There a 8 reader threads that are long polling always, so its not that something is not trying to read it, they are.

Edit : To be clear, none of the consumer reads are returning any messages at all and it happens regardless of whether or not the console is open. In this scenario, only one message is involved, and it is just sitting in the queue invisible to the consumers.

Has anyone else seen this behavior and what I can do to improve it?

Here is the sdk for java I am using:

<dependency>
  <groupId>com.amazonaws</groupId>
  <artifactId>aws-java-sdk</artifactId>
  <version>1.5.2</version>
</dependency>     

Here is the code that does the reading (max=10,maxwait=0 startup config):

void read(MessageConsumer consumer) {

  List<Message> messages = read(max, maxWait);

  for (Message message : messages) {
    if (tryConsume(consumer, message)) {
      delete(message.getReceiptHandle());
    }
  }
}

private List<Message> read(int max, int maxWait) {

  AmazonSQS sqs = getClient();
  ReceiveMessageRequest rq = new ReceiveMessageRequest(queueUrl);
  rq.setMaxNumberOfMessages(max);
  rq.setWaitTimeSeconds(maxWait);
  List<Message> messages = sqs.receiveMessage(rq).getMessages();

  if (messages.size() > 0) {
    LOG.info("read {} messages from SQS queue",messages.size());
  }

  return messages;
}

The log line for "read .." never appears when this is happening, and its what causes me to go in with the console and see if the message is there or not, and it is.


It sounds like you are misinterpreting what you are seeing.

Messages "in flight" are not pending delivery, they're messages that have already been delivered but not further acted on by the consumer.

Messages are considered to be in flight if they have been sent to a client but have not yet been deleted or have not yet reached the end of their visibility window.

— https://docs.aws.amazon.com/AWSSimpleQueueService/latest/SQSDeveloperGuide/sqs-available-cloudwatch-metrics.html

When a consumer receives a message, it has to -- at some point -- either delete the message, or send a request to increase the timeout for that message; otherwise the message becomes visible again after the timeout expires.
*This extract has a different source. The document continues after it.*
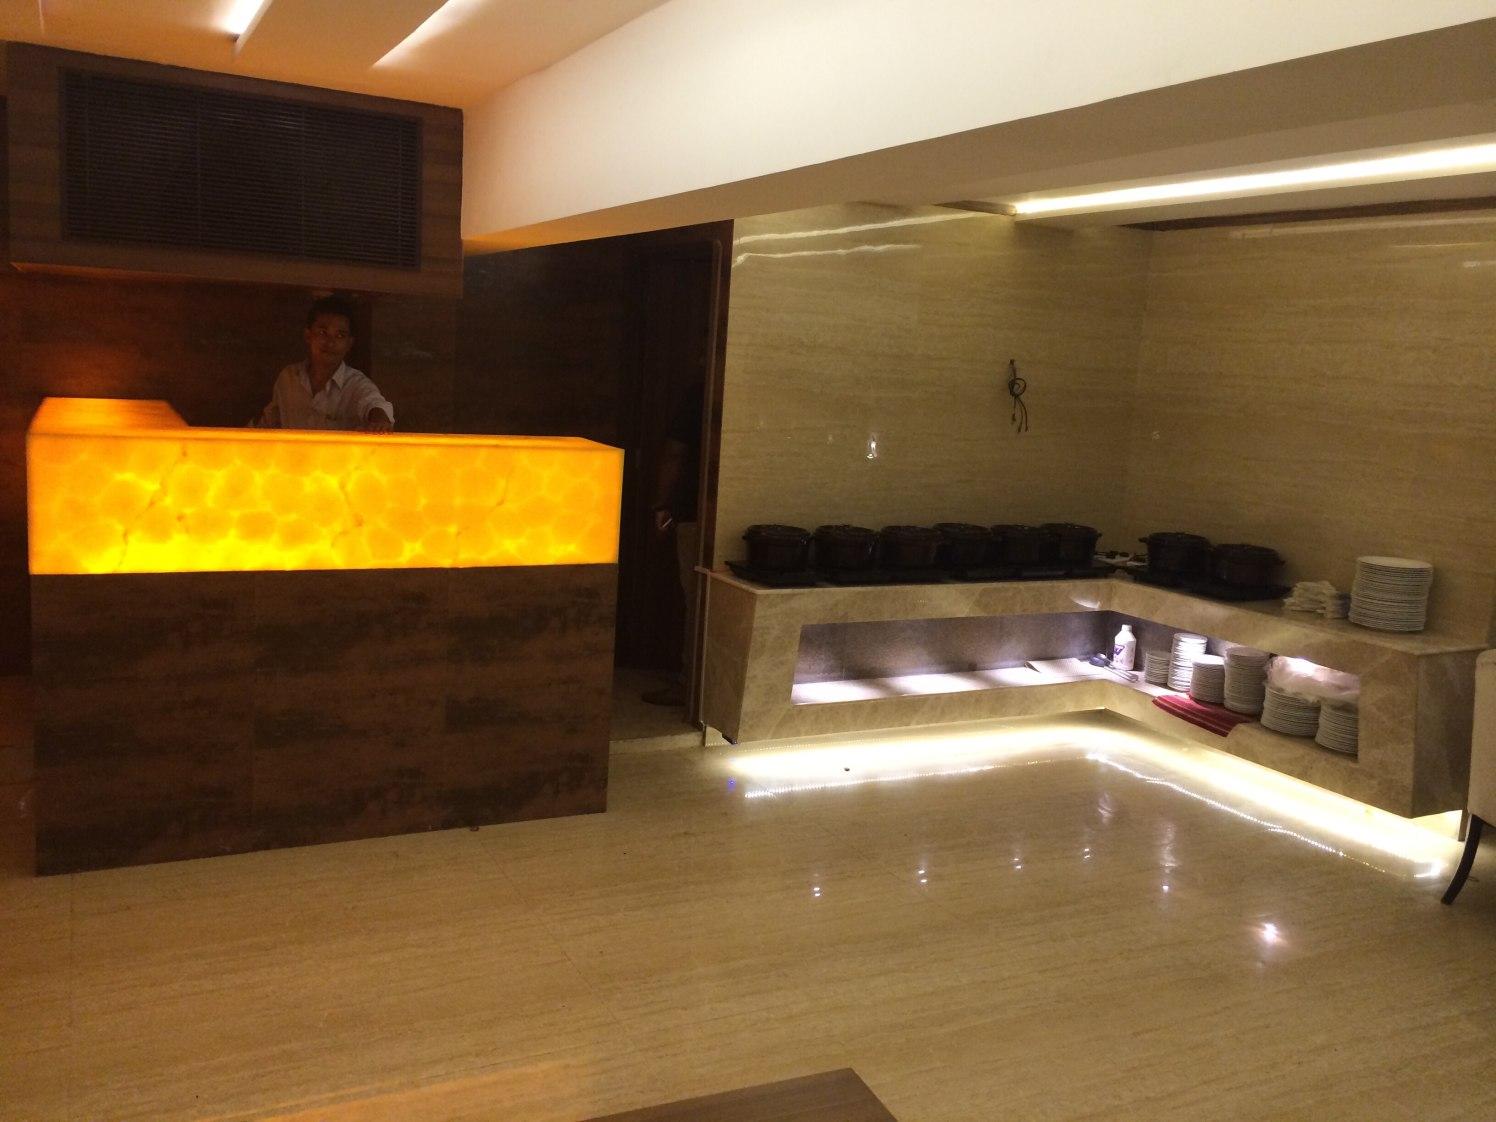 Stylish Reception by Devesh Gajwani Modern | Interior Design Photos & Ideas

If a consumer fails to do one of these things, the message automatically becomes visible again. The visibility timeout is how long the consumer has before one of these things must be done.

Messages should not be "in flight" without something having already received them -- but that "something" can include the console itself, as you'll note on the pop-up you see when you choose "View/Delete Messages" in the console (unless you already checked the "Don't show this again" checkbox):

Messages displayed in the console will not be available to other applications until the console stops polling for messages.

Messages displayed in the console are "in flight" while the console is observing the queue from the "View/Delete Messages" screen.

The part that does not make obvious sense is messages being in flight "for several minutes" if your default visibility timeout is only 5 seconds and nothing in your code is increasing that timeout... however... that could be explained almost perfectly by your consumers not properly disposing of the message, causing it to timeout and immediately be redelivered, giving the impression that a single instance of the message was remaining in-flight, when in fact, the message is briefly transitioning back to visible, only to be claimed almost immediately by another consumer, taking it back to in-flight again.


It may happen when you send or lock a message and within some seconds you try to get the fresh list of messages. Amazon SQS stores the data into multiple servers and in multiple data centers http://aws.amazon.com/sqs/faqs/#How_reliably_is_my_data_stored_in_Amazon_SQS.

To get rid of these issues you need to wait more so that queue would have more time to give appropriate results.